I recently ran into this problem after purchasing my Hoya R72 filter. I was also using Adobe Photoshop Elements 4.0, so what I was doing was using the color variations option to get the look i wanted with the Decrease Red and Increase green and blue commands. I got sick of doing that so I went to www.adobe.com and downloaded a free 30 day trial of Adobe Photoshop CS2, which has the Channel mixer option. If you want to keep CS2 trial for more than 30 days, once you get to the end of the month, reset your computers clock back so CS2 thinks you still have another month left. Hope that helps.


----------



## bytch_mynickname (Jul 3, 2006)

JEazy said:
			
		

> I recently ran into this problem after purchasing my Hoya R72 filter. I was also using Adobe Photoshop Elements 4.0, so what I was doing was using the color variations option to get the look i wanted with the Decrease Red and Increase green and blue commands. I got sick of doing that so I went to www.adobe.com and downloaded a free 30 day trial of Adobe Photoshop CS2, which has the Channel mixer option. If you want to keep CS2 trial for more than 30 days, once you get to the end of the month, reset your computers clock back so CS2 thinks you still have another month left. Hope that helps.


 
Thanks for the tips, however I have been using CS2 for the channel mixer like you said. I bought a copy from ebay and it turned out to be a fake so I juse used the disk to install and use the 30 day trial on it. I really like it even though it is more complicated than elements. Like you , I bought the Hoya R72 and ran into problems with elemetns from there.
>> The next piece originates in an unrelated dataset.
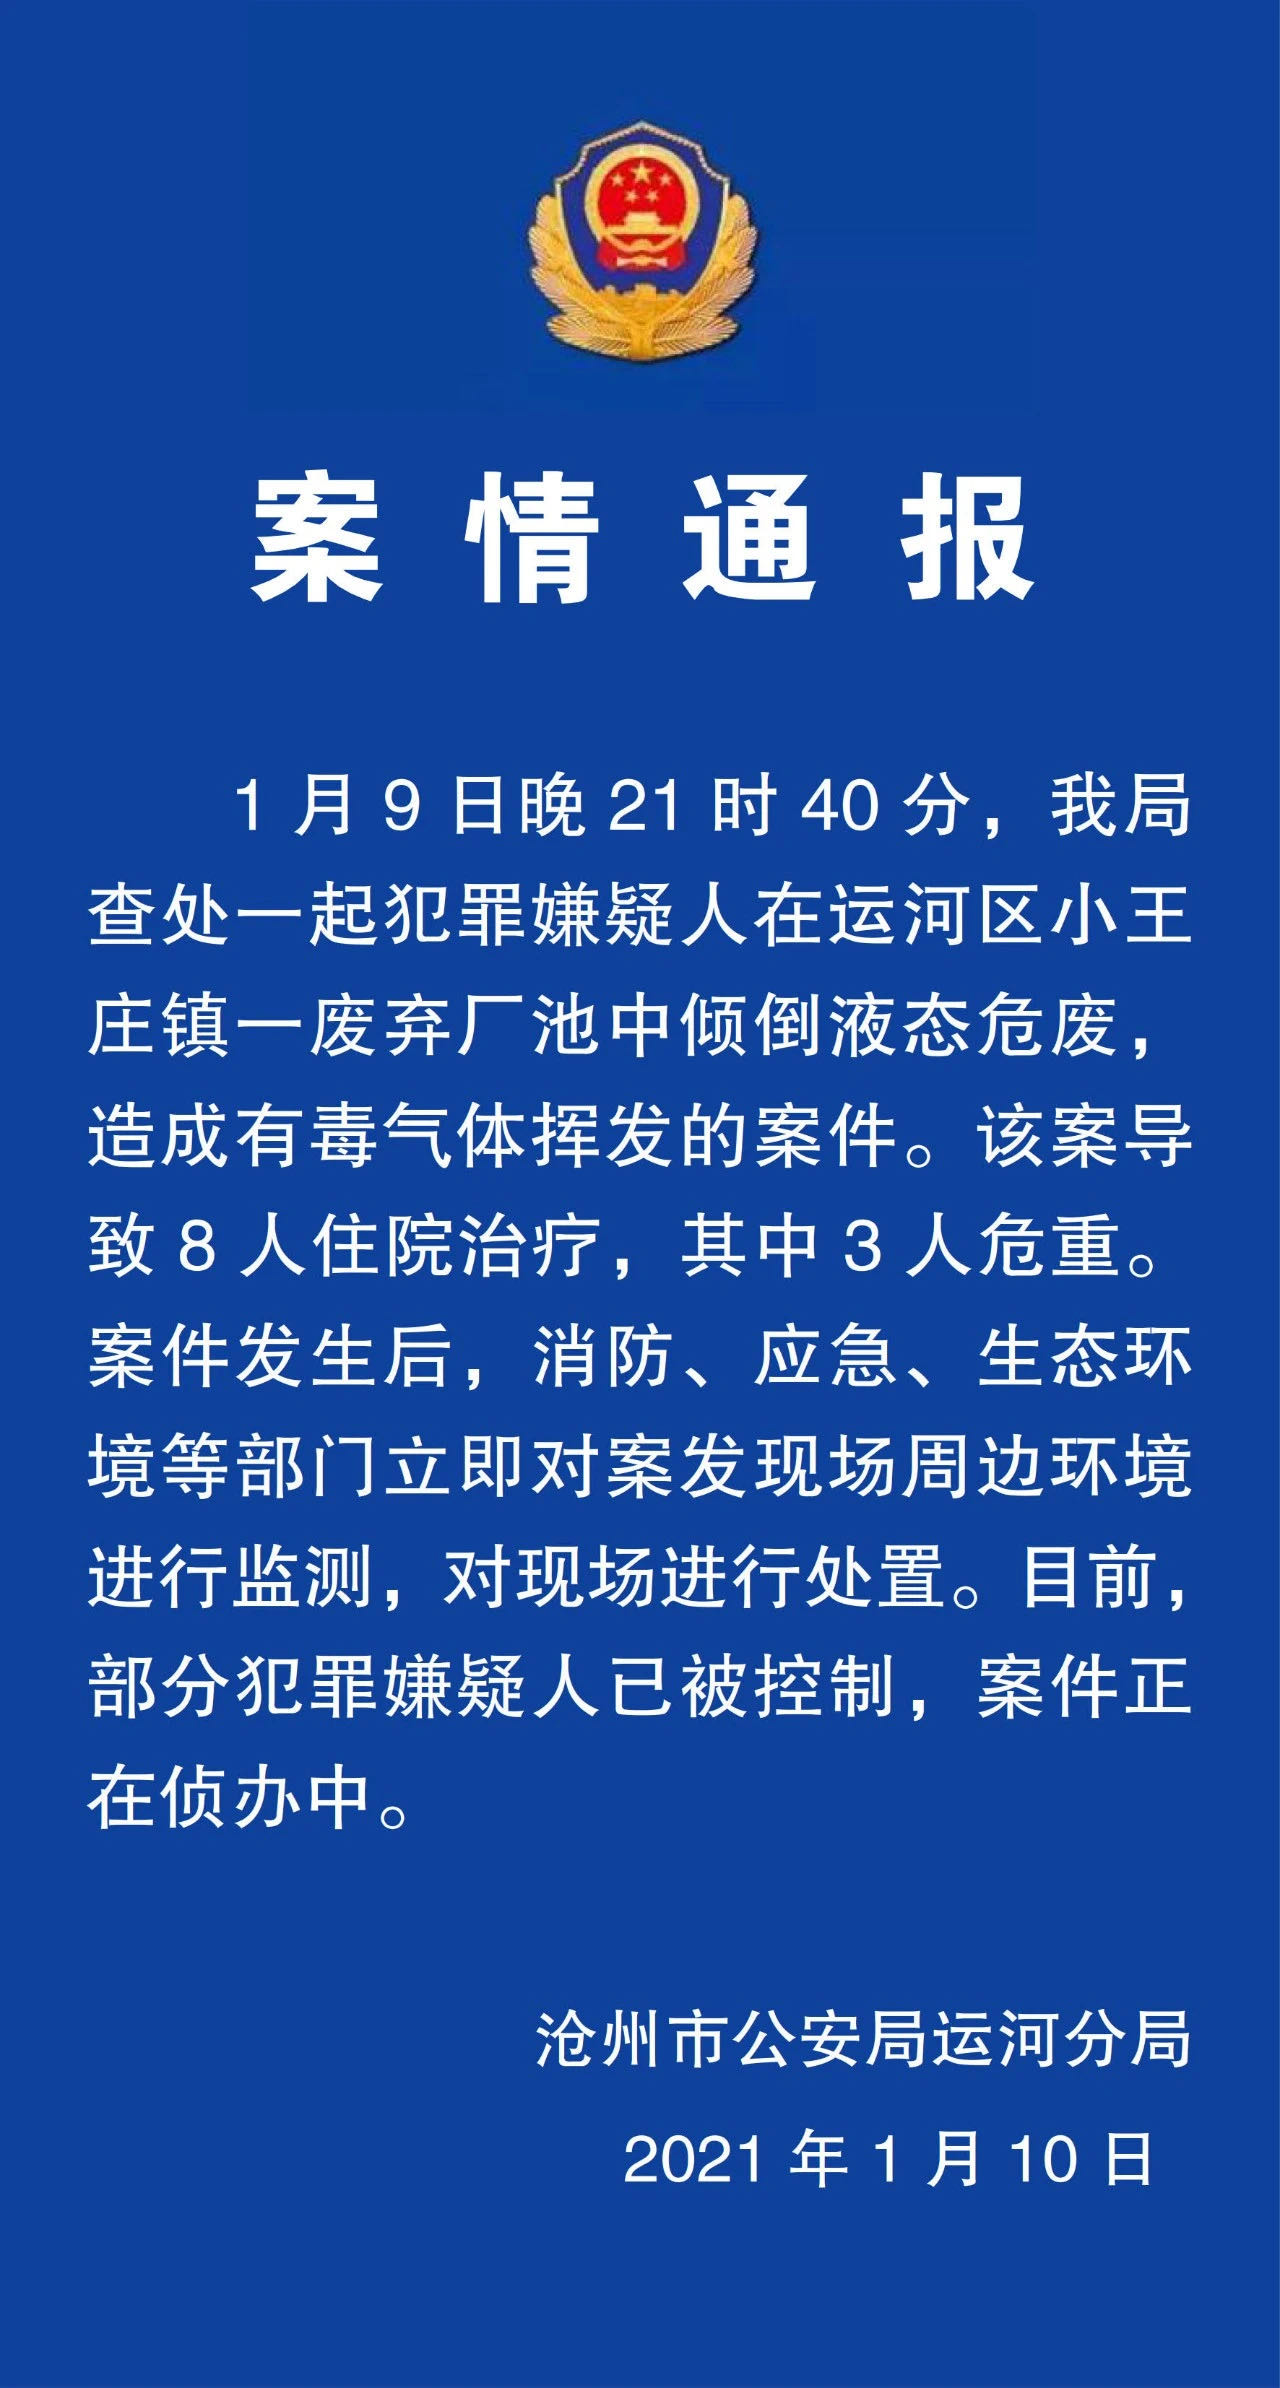 8人住院 河北沧州运河区查处一起倾倒液态危废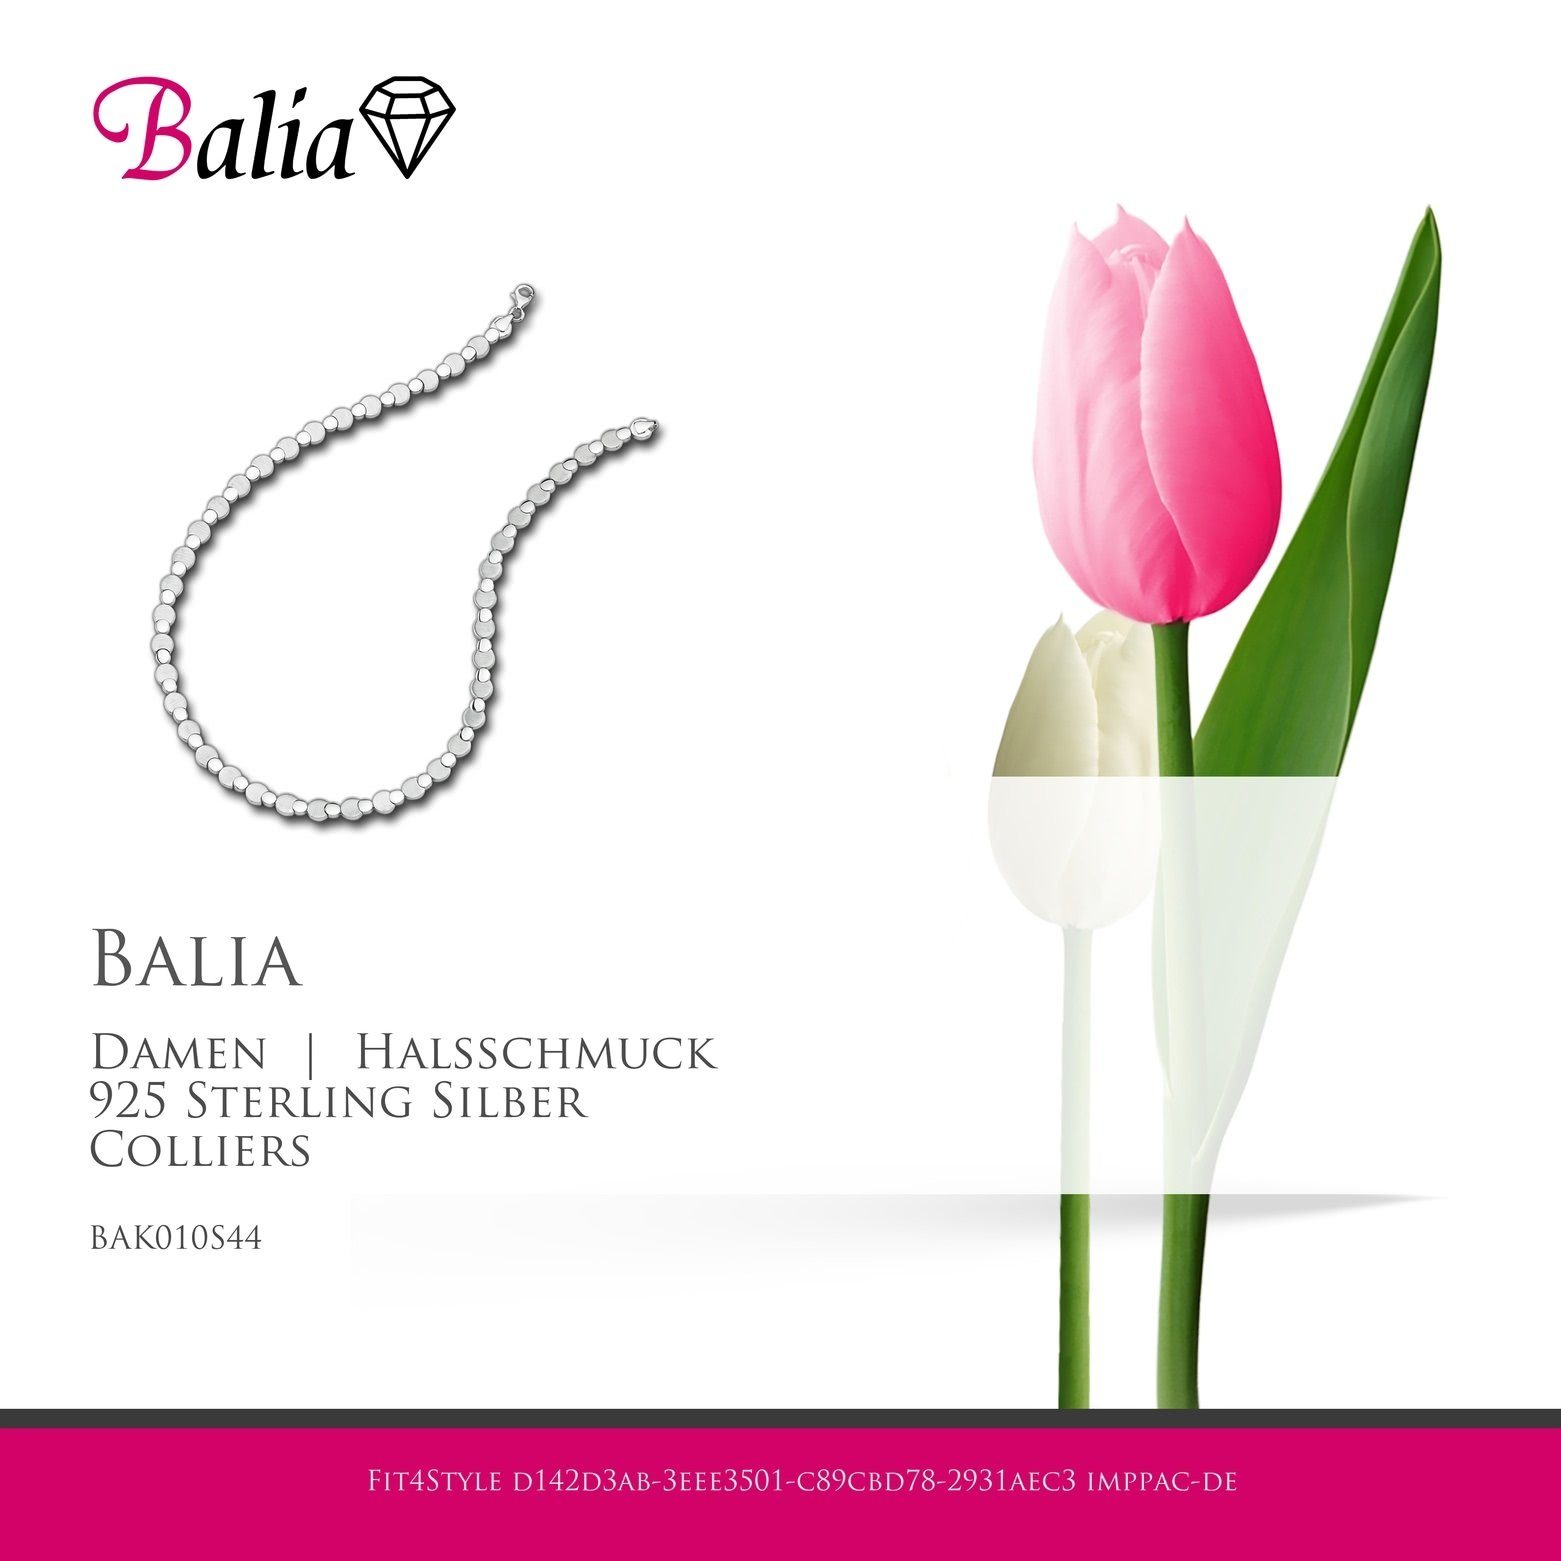 Colliers, Halsketten Collier für Balia poliert Collier 925 (Collier), Farbe: Sterling mattiert Balia silber Punkte Damen Silber, Damen

I contacted my university and will be buying a copy of CS2 for somehwhere around $200. If you have some extra cash, it may be worthwhile for you to check your school if you are a student or I am sure you know someone who is. Good luck.


----------



## Digital Matt (Jul 3, 2006)

I don't swap the channels for IR.  I just invert the colors by duplicating the background layer, inverting it (ctrl+i), and then setting the blend mode to "color".  You can probably do that in Elements.


----------